Let me walk you through how I built it, what went wrong, and what I learned.
The Idea
The concept is straightforward. You open the app, you see your orders and wallet balance, and there’s a big “Call Voice Agent” button. You tap it, your browser asks for mic permission, and within a second you’re talking to an AI agent. It listens to you, understands what you want, looks things up in the database, and talks back — all in real time.
It sounds simple when I say it like that, but getting real-time voice to work in a browser, streaming through a backend, connected to an AI model that can also call functions — that took some figuring out.
The Stack
Here’s what I used:
- Frontend: Next.js 16 with React 19. It’s a single-page app that shows your profile, orders, and the voice call overlay.
- Voice Server: A Python backend built with FastAPI. This is the brain. It sits between the browser and Google’s Gemini API, streaming audio both ways.
- AI Model: Google’s Gemini Multimodal Live API — specifically
gemini-3.1-flash-live-preview. This is what makes the magic happen. It takes in audio, understands it, decides what to do, and responds with audio. - Database: MongoDB Atlas, accessed through Mongoose on the frontend side and Motor (async driver) on the Python side.
- Deployment: The frontend is on Vercel, the voice server runs on Google Cloud Run in a Docker container.
How the Voice Call Actually Works
This is the interesting part. Let me break it down step by step.
1. You Click “Call”
When you hit the button, the browser does two things: it opens a WebSocket connection to my voice server, and it asks for microphone access. The WebSocket URL includes your user_id so the server knows who’s calling.
2. Your Voice Gets Captured
I use the Web Audio API — specifically a ScriptProcessorNode — to grab raw audio from your microphone. The audio comes in as floating point samples, and I convert them to 16-bit PCM at 16 kHz. That’s what Gemini expects.
Every time the audio processor fires (every 4096 samples), I take that chunk and send it straight over the WebSocket as a binary frame.
3. The Server Proxies to Gemini
My FastAPI server receives those audio chunks and forwards them to Google’s Gemini Live API over a second WebSocket connection. But it doesn’t just blindly forward audio — it first sets up the session with a system prompt and tool declarations.

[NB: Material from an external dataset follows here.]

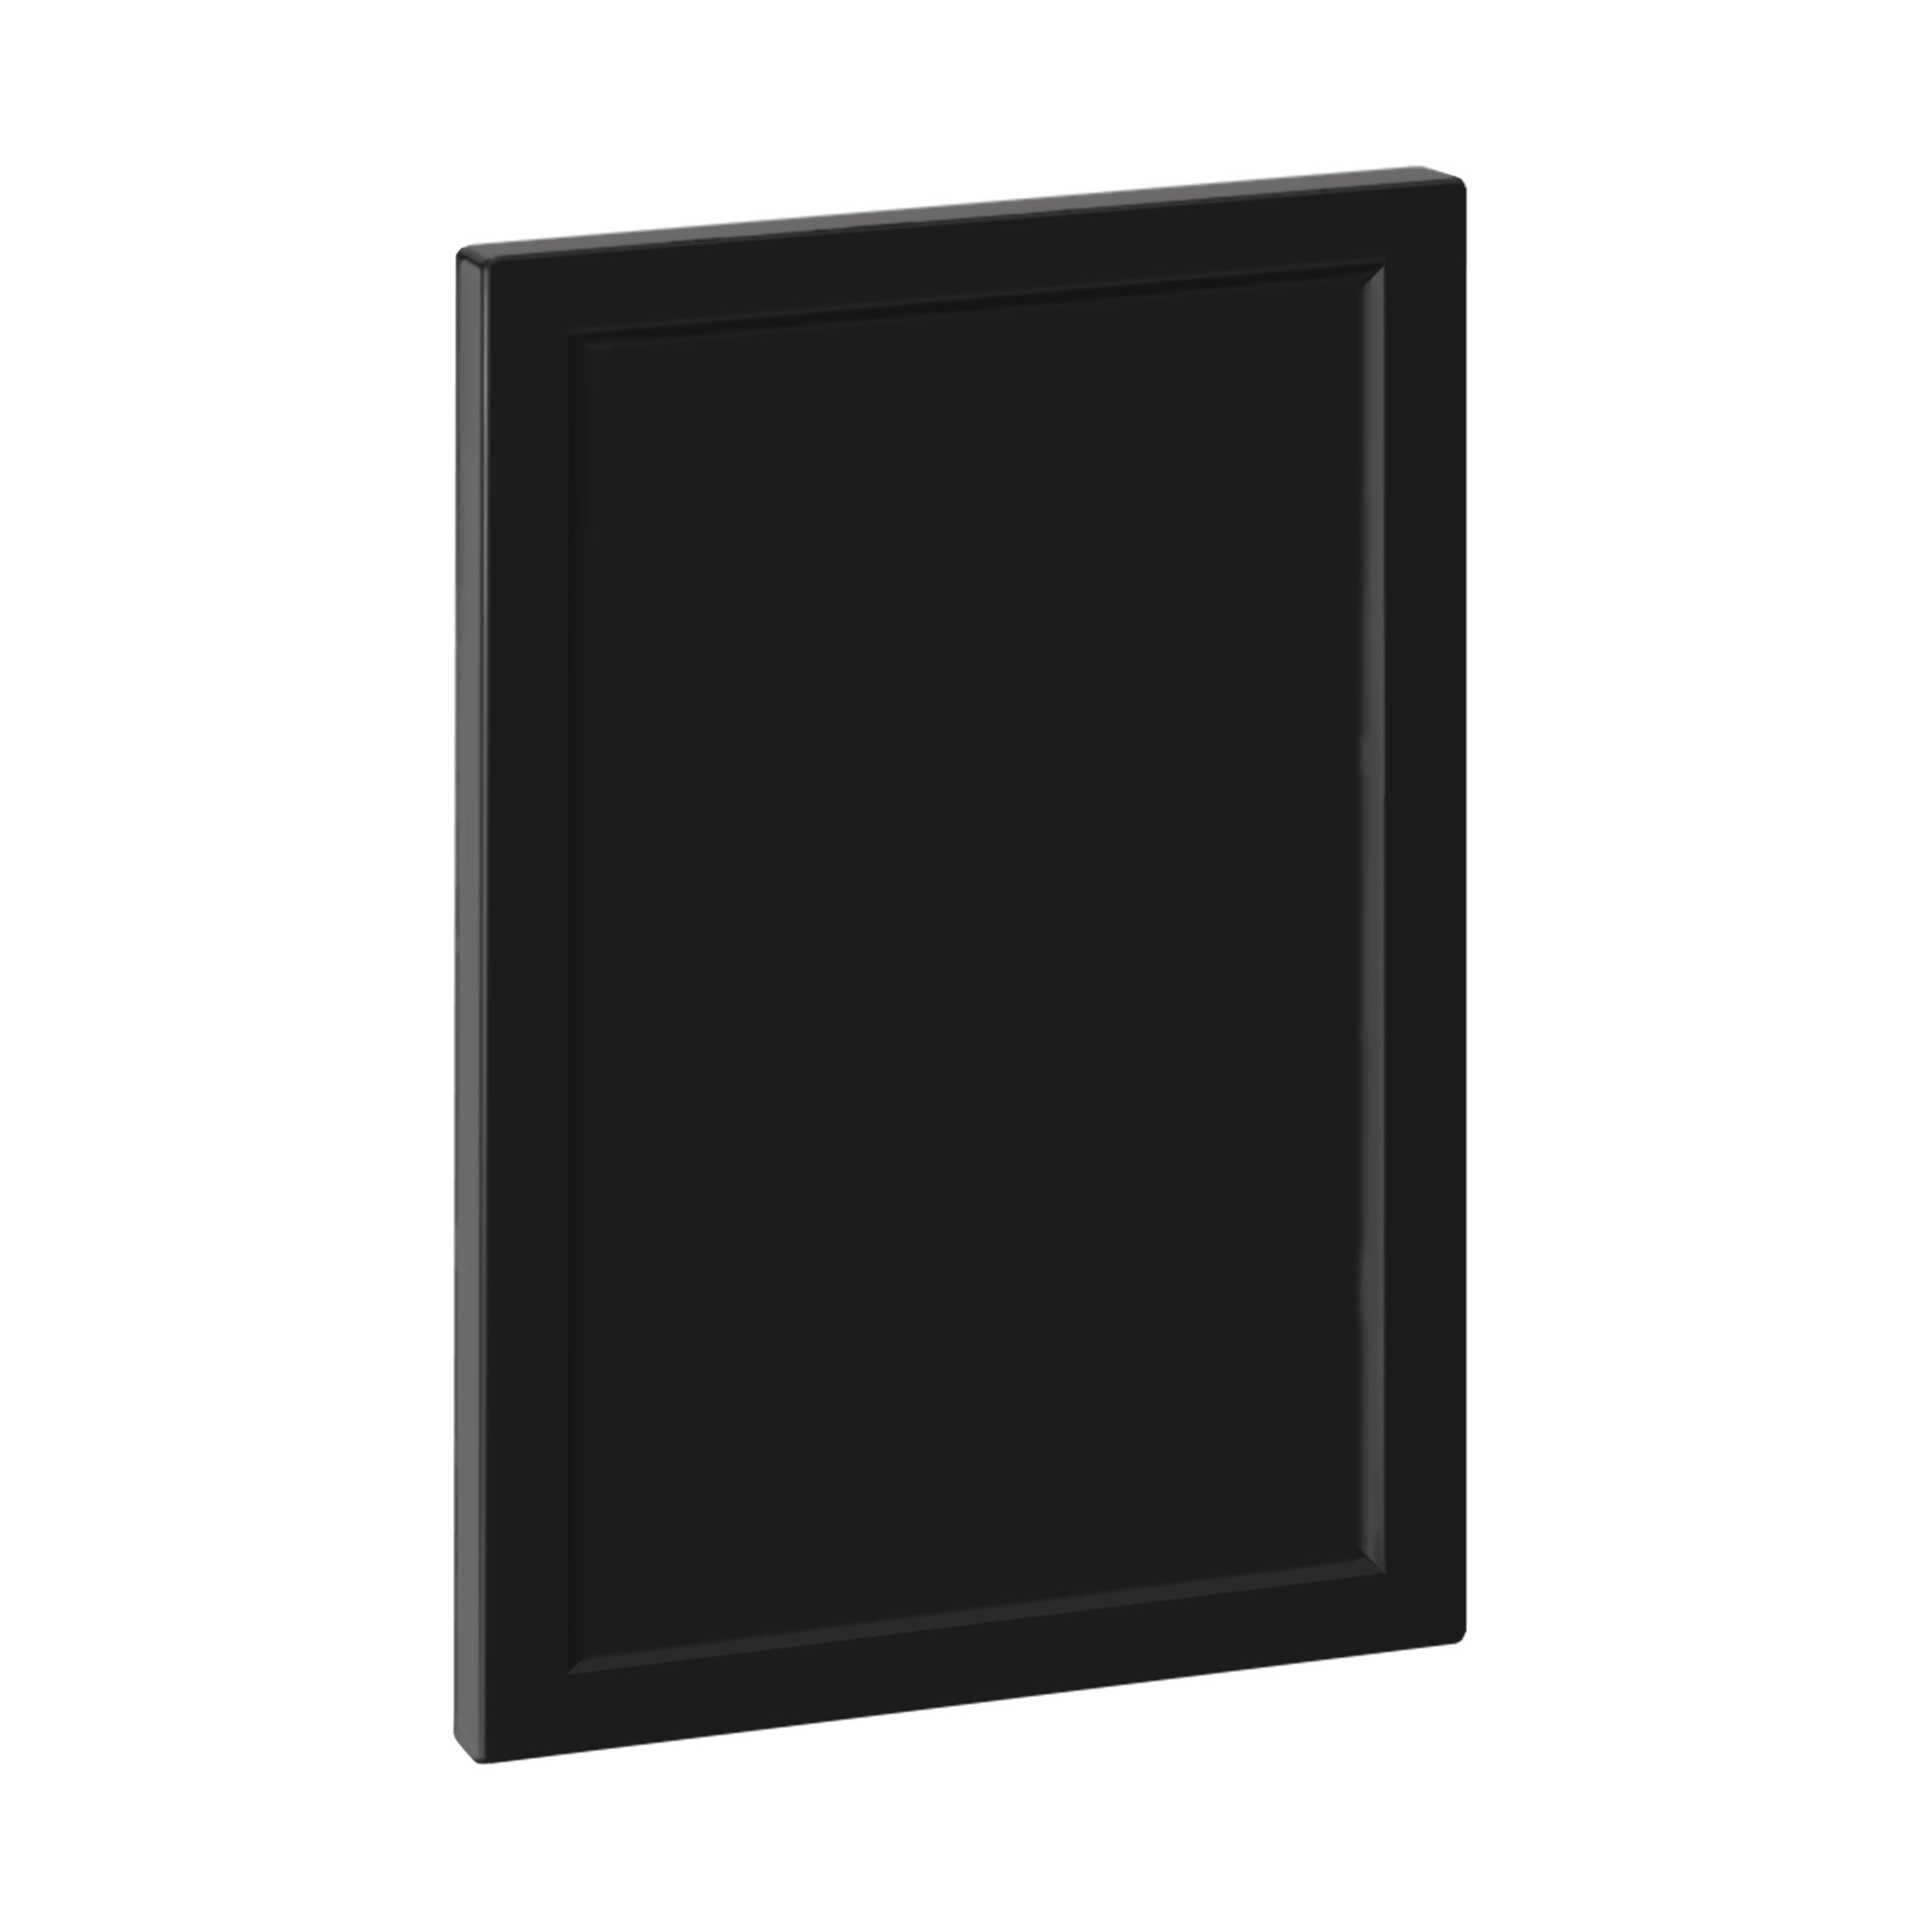 8" x 12" Cabinet Door Sample SSS Quarterline / Black
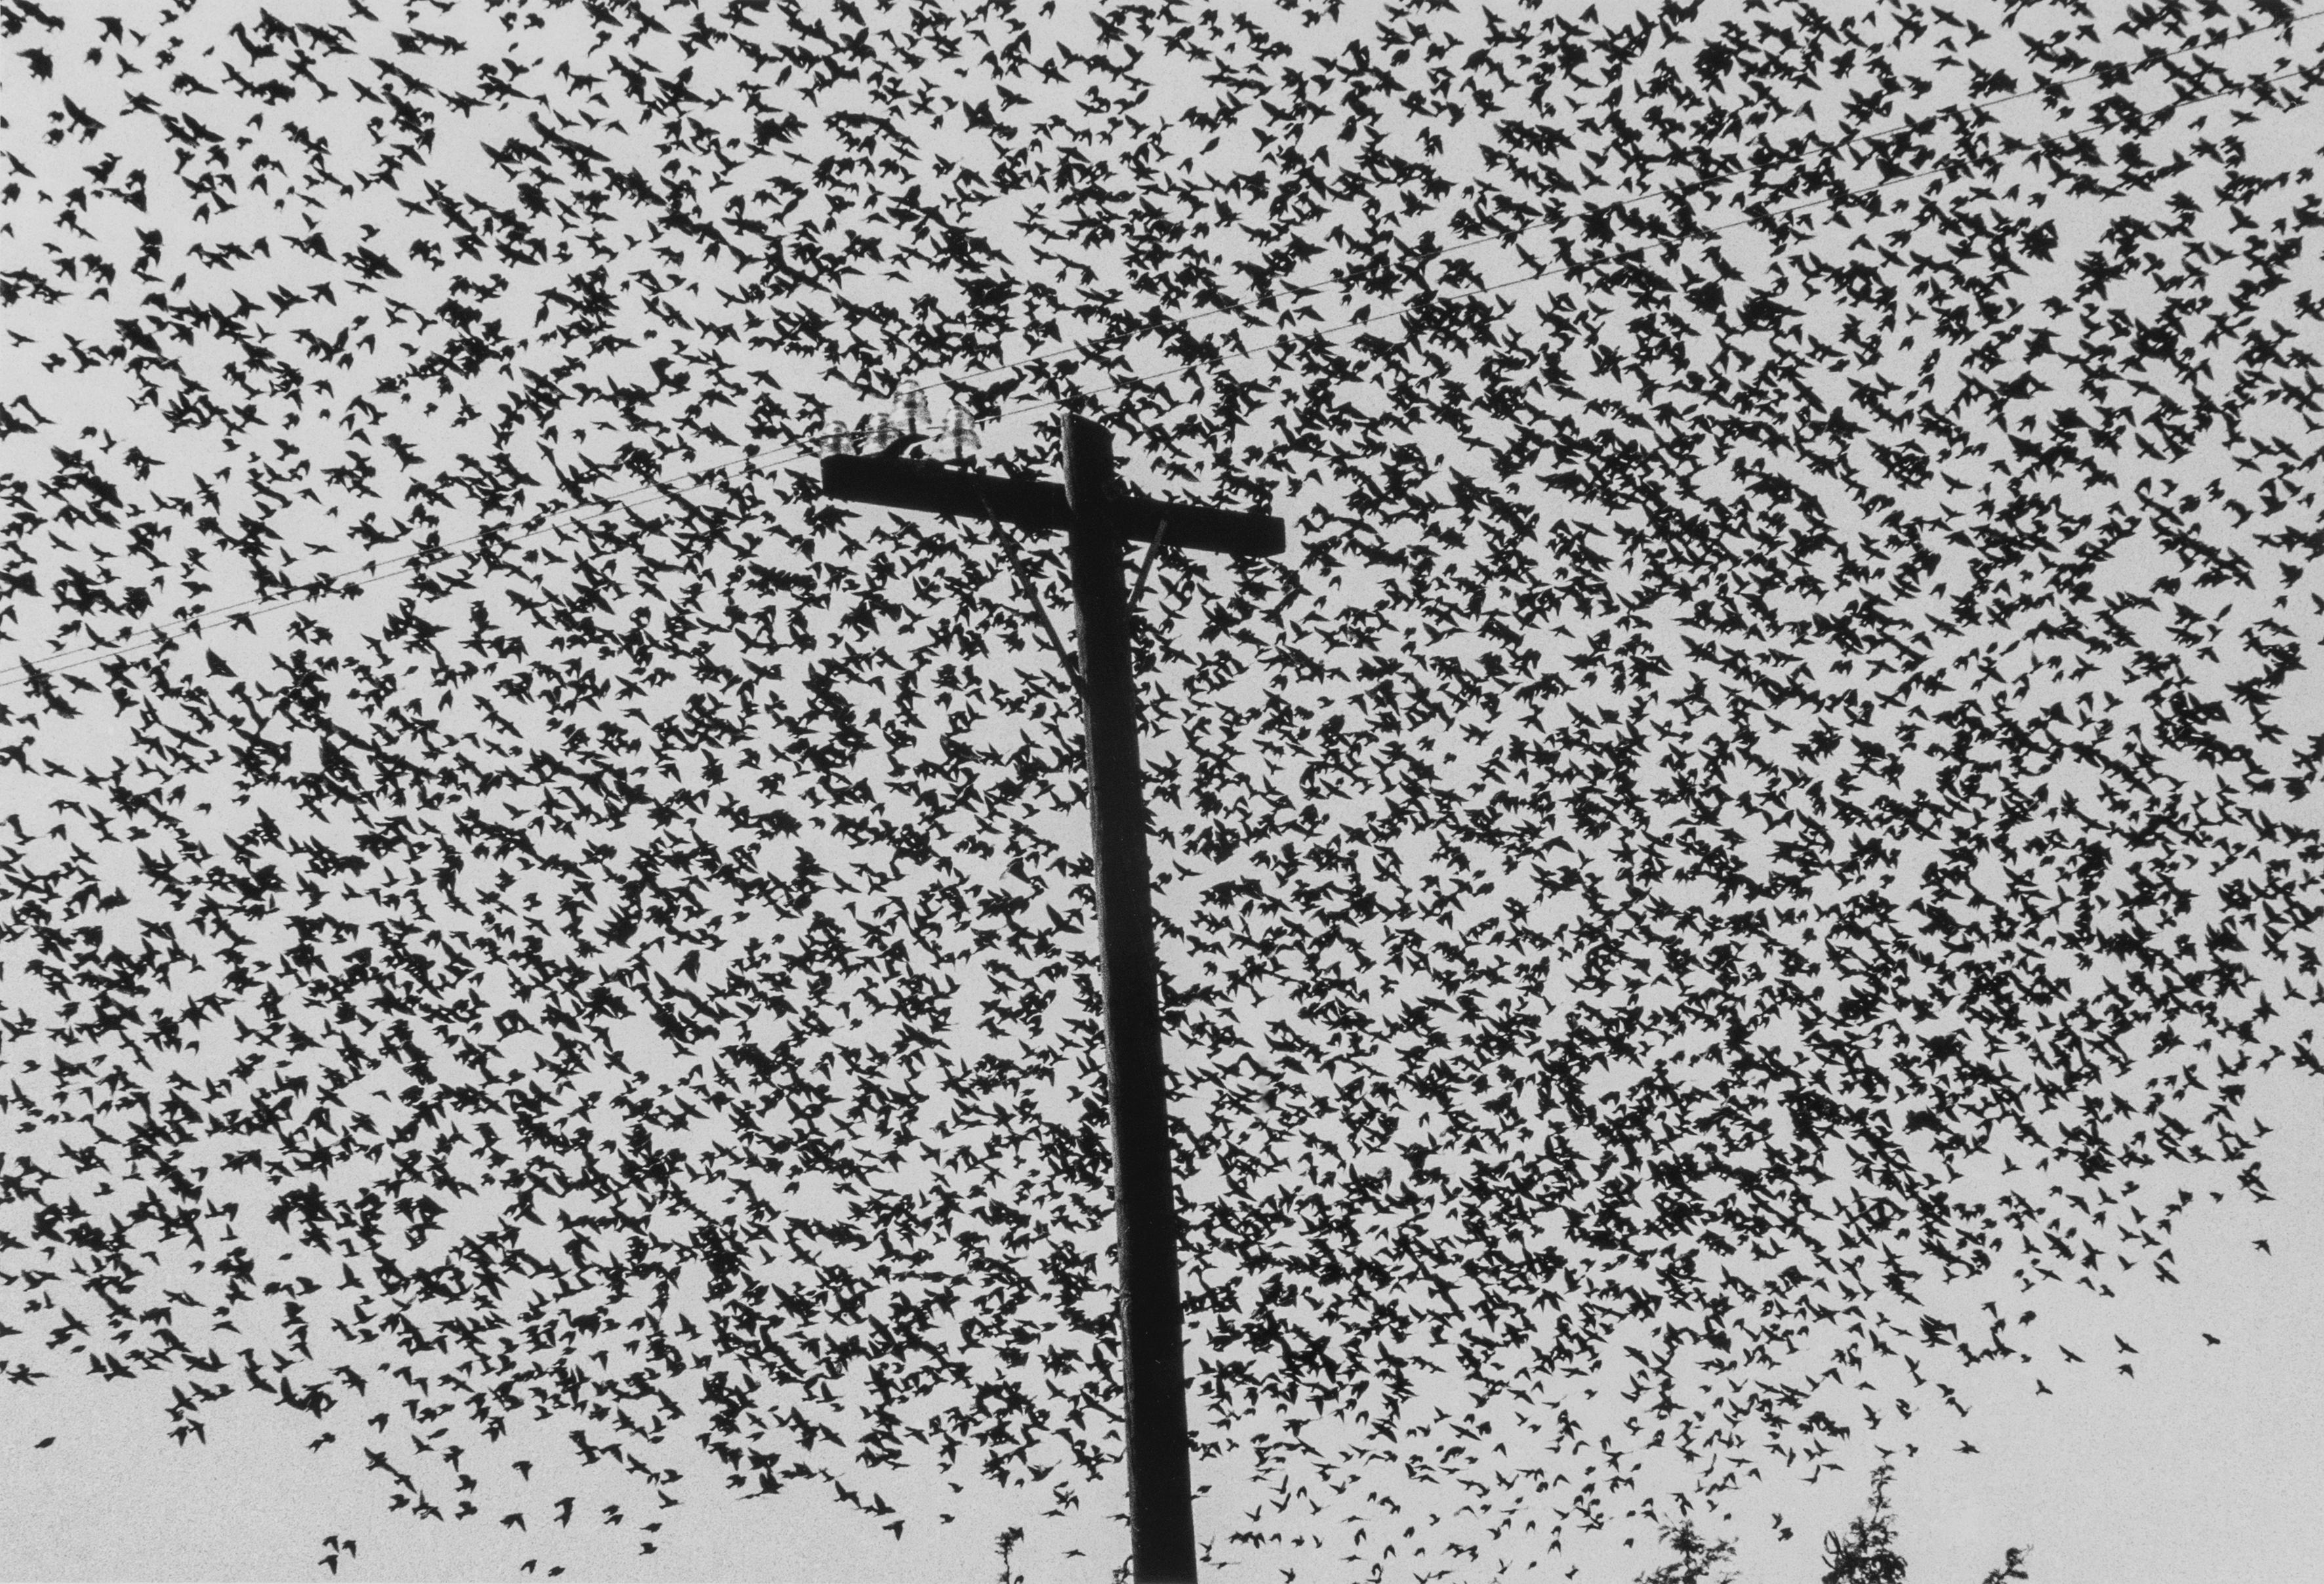 Graciela Iturbide Black and White Photograph - Pájaros en el Poste, Carretera [Birds on the Post, Highway], Guanajuato, 1990

The setup message tells Gemini: “You’re a Zomato support agent. You have these tools available. Respond with audio. Use the Kore voice.”
4. Gemini Thinks and Responds
Gemini processes the audio in real time. It can do three things:
- Talk back — It generates audio responses and sends them as base64-encoded PCM. My server decodes them and pushes the raw bytes to the browser.
- Call a tool — If you ask about your order, Gemini decides to call
check_order_status. The tool call comes as JSON. My server runs the function, gets the result from MongoDB, and sends it back to Gemini so it can formulate a spoken response. - Send text — Sometimes Gemini sends text alongside audio. I display this in the call overlay as a live transcript.
5. You Hear the Response
Back in the browser, audio chunks arrive as binary WebSocket frames. I decode them into Float32Array, create an AudioBuffer, and schedule playback using AudioContext. I keep a nextPlayTime reference to make sure chunks play back-to-back without gaps or overlaps. That way it sounds like a smooth, continuous voice.
6. You Hang Up
When you click “End Call”, the WebSocket closes, the microphone stream stops, and the audio context shuts down. Clean and simple.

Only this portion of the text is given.